Garri Zmudze is the Executive Coordinator of the Longevity Science Foundation

Blockchain and decentralisation in healthcare

Blockchain is one of the most well-known forms of distributed ledger technology (DLT). It is the backbone of cryptocurrencies like Bitcoin and Ethereum, and its immutable record of secure transactions is a powerful resource for healthcare. During the initial COVID vaccine rollout, several countries, including Australia, Singapore and the United Kingdom, introduced digital vaccine passports as a more legible and reliable alternative to handwritten records. In the following months, international organisations and blockchain companies explored how blockchain can make these applications more secure and trusted. These applications show that well-applied blockchain technology can improve existing digital health. 

Many consider the current state of DLT to be “web2.5,” a bridge to fully decentralised web3 technology. Powerful accelerators like Cryptan Labs and platforms like IoTeX are building this bridge for the industry by helping companies of all sizes integrate decentralised and emerging technologies into their work. 

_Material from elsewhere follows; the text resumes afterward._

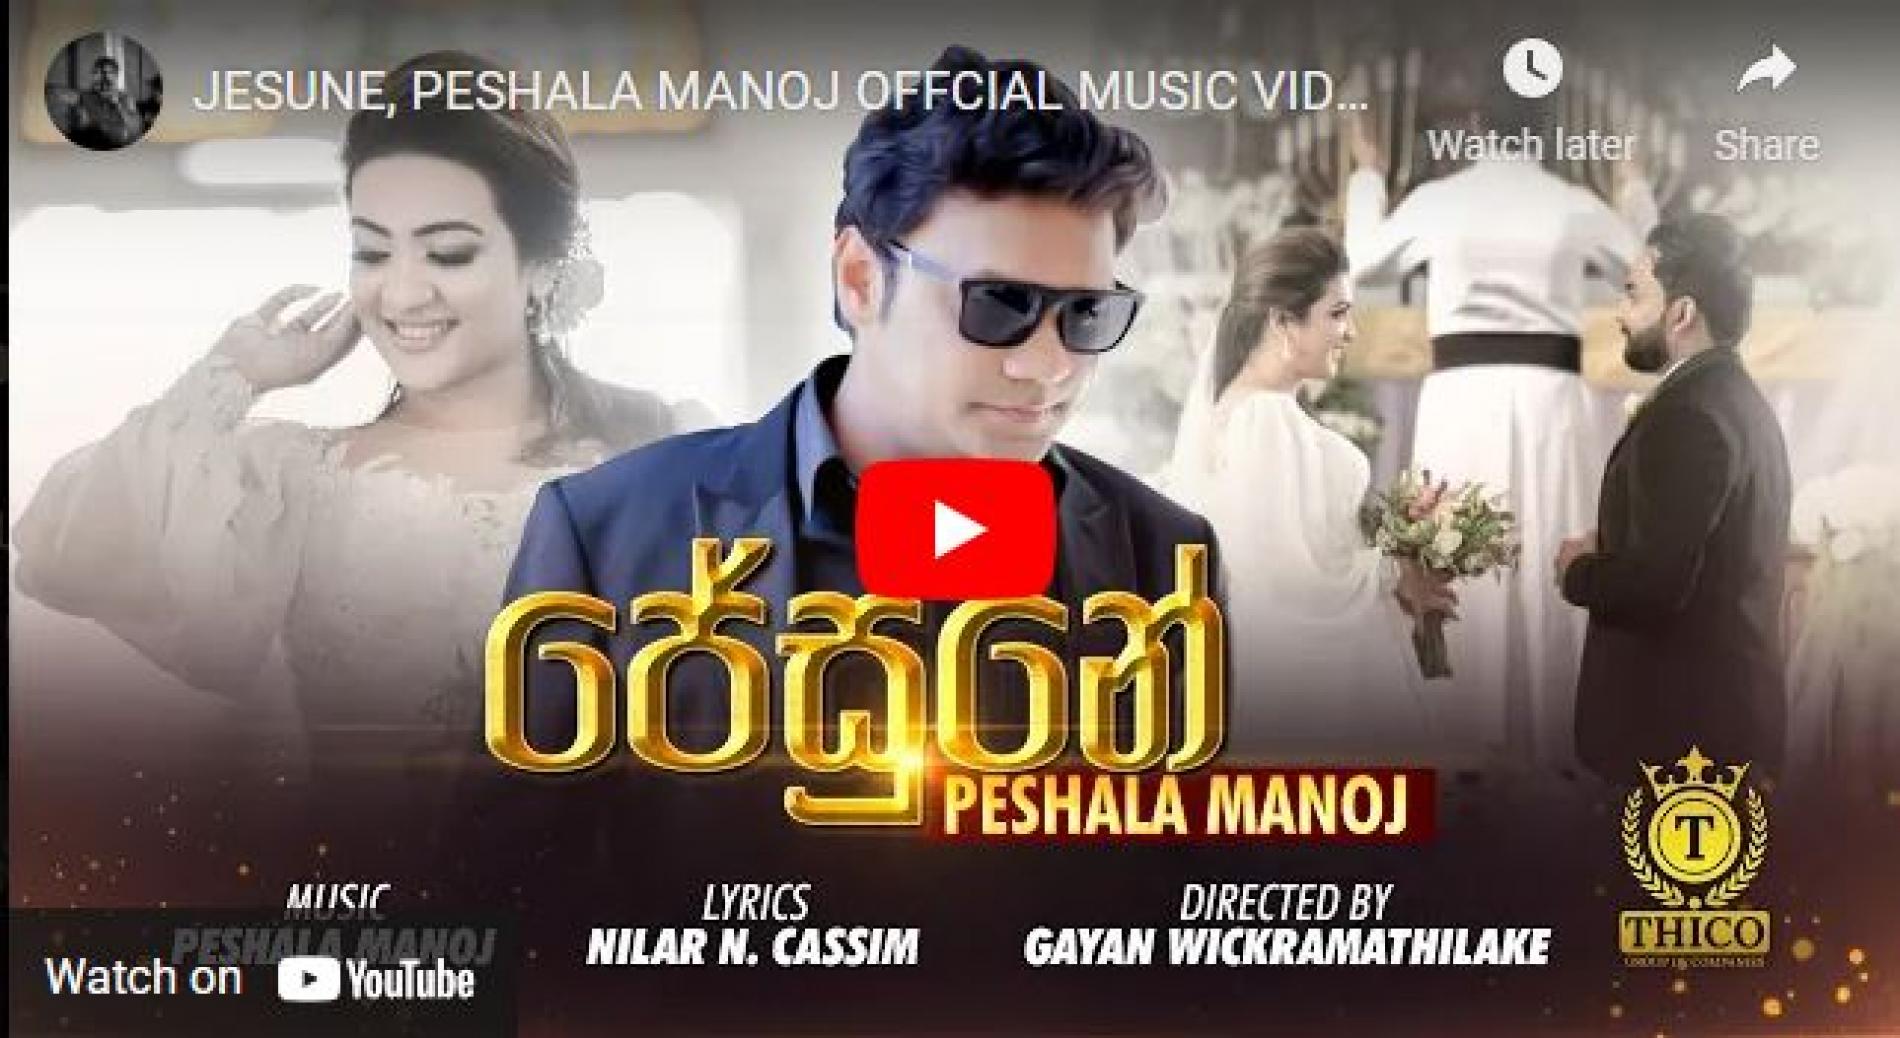 New Music : Jesune, Peshala Manoj Official Music Video

We also see the use of blockchain and DLT in advancing clinical trials. Longenesis is an award-winning Latvian startup that uses blockchain to streamline data-sharing for sponsors and participants in clinical trials. Its tools make participant consent a fast and easy process, and users can withdraw their data at any time. Digital participation is increasingly common in clinical healthcare, and blockchain advances its usability by ensuring patient consent and trusted records. Thanks to tools like Longenesis, patients can experience the best of digital health and feel empowered to participate in trials in the best way for their needs. 

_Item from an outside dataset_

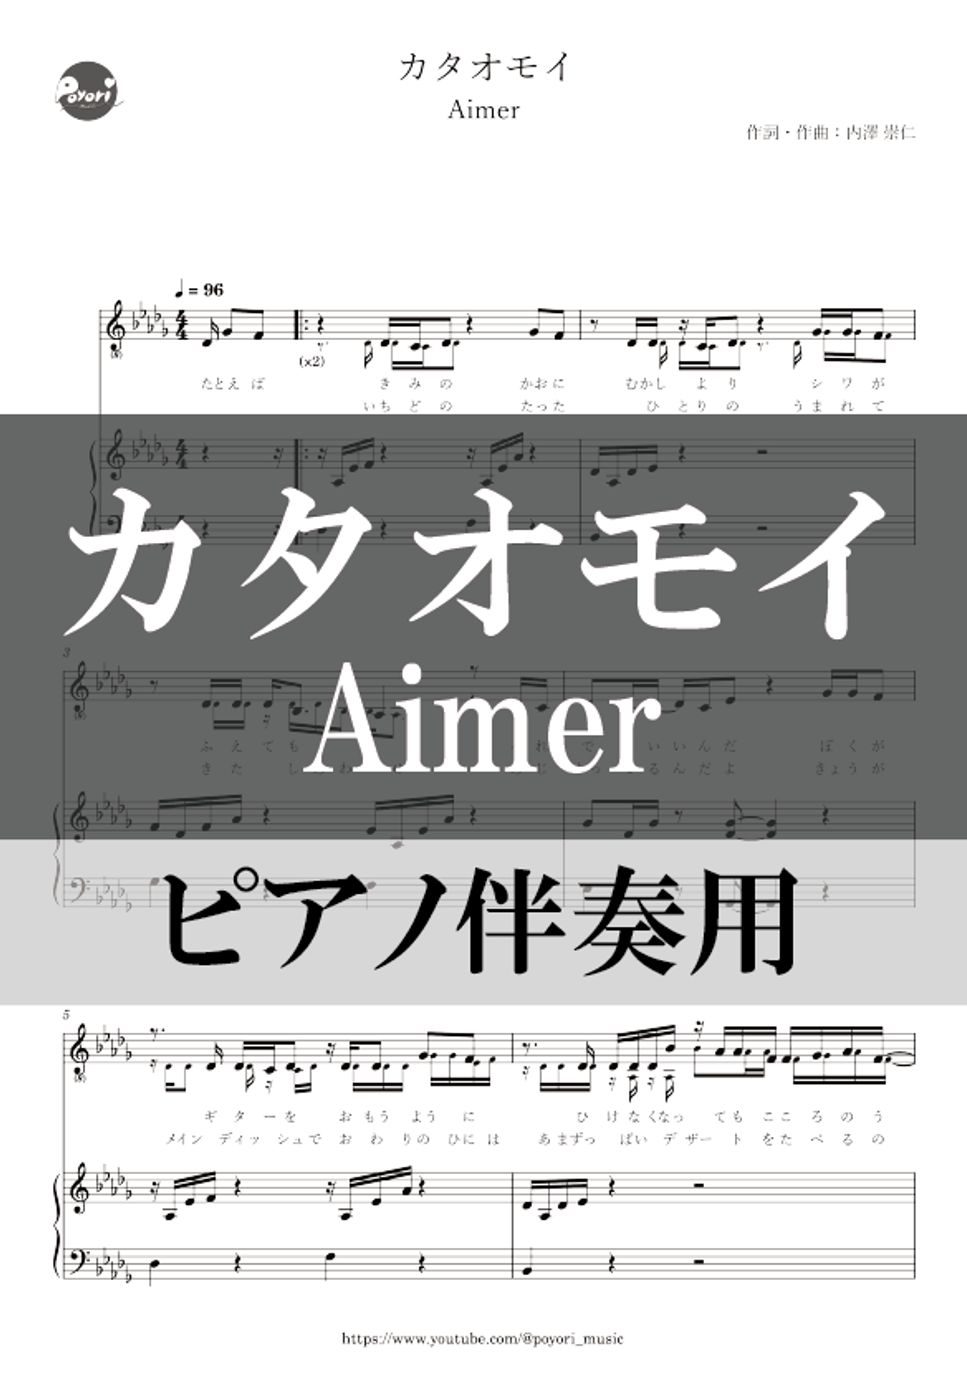 Aimer - カタオモイ (ピアノ伴奏) by poyori

Beyond blockchain-protected health records, DLT is also revolutionising scientific funding. Decentralised science, or DeSci, integrates emerging technologies like NFTs and smart contracts for increased transparency in funding. With DeSci, researchers can receive support from crowdfunding and online communities, freeing them from reliance on grants from funding institutions (that often may overlook very early-stage projects). This digital-forward approach is breaking down traditional funding barriers and bringing more people into the scientific community.

 

What digital health means for human longevity

We are well on our way to longer and healthier lives. Digital health applications like the ones I’ve mentioned above all contribute to human longevity. (I use longevity to mean responsibly extending the human lifespan, incorporating the treatment and prevention of ageing-related diseases as well as revitalisation and day-to-day health.) Wearables help individuals understand how their bodies react to routine changes and support movement and quality sleep. Telehealth facilitates connections between longevity physicians and patients, regardless of location. Genetic counselling empowers individuals to make informed decisions about their health and reproduction based on their unique genomic makeup. And there is even more to come.

The new wave of digital health I’ve explored above is also revitalising the field. Funding initiatives, including Longevity Science Foundation, LongeVC, and Lifespan.io are making digital-friendly funding a reality by providing community-supported grants for research and welcoming donations using digital currencies like crypto. Scientists are using AI to track biomarkers and monitor biological ageing while also identifying new drugs to treat conditions like cancer and Alzheimer’s. In the blockchain space, companies and individuals are taking a significant interest in the longevity field and donating time, technology and resources to startups. 

The field of longevity medicine is relatively new, but it is quickly adopting the best technologies to establish and expand. And it couldn’t come a moment too soon. As we live longer than any human generation before, we also want to live well. Prioritising technology-driven digital health can make this modern care more accessible, attainable and future-proof.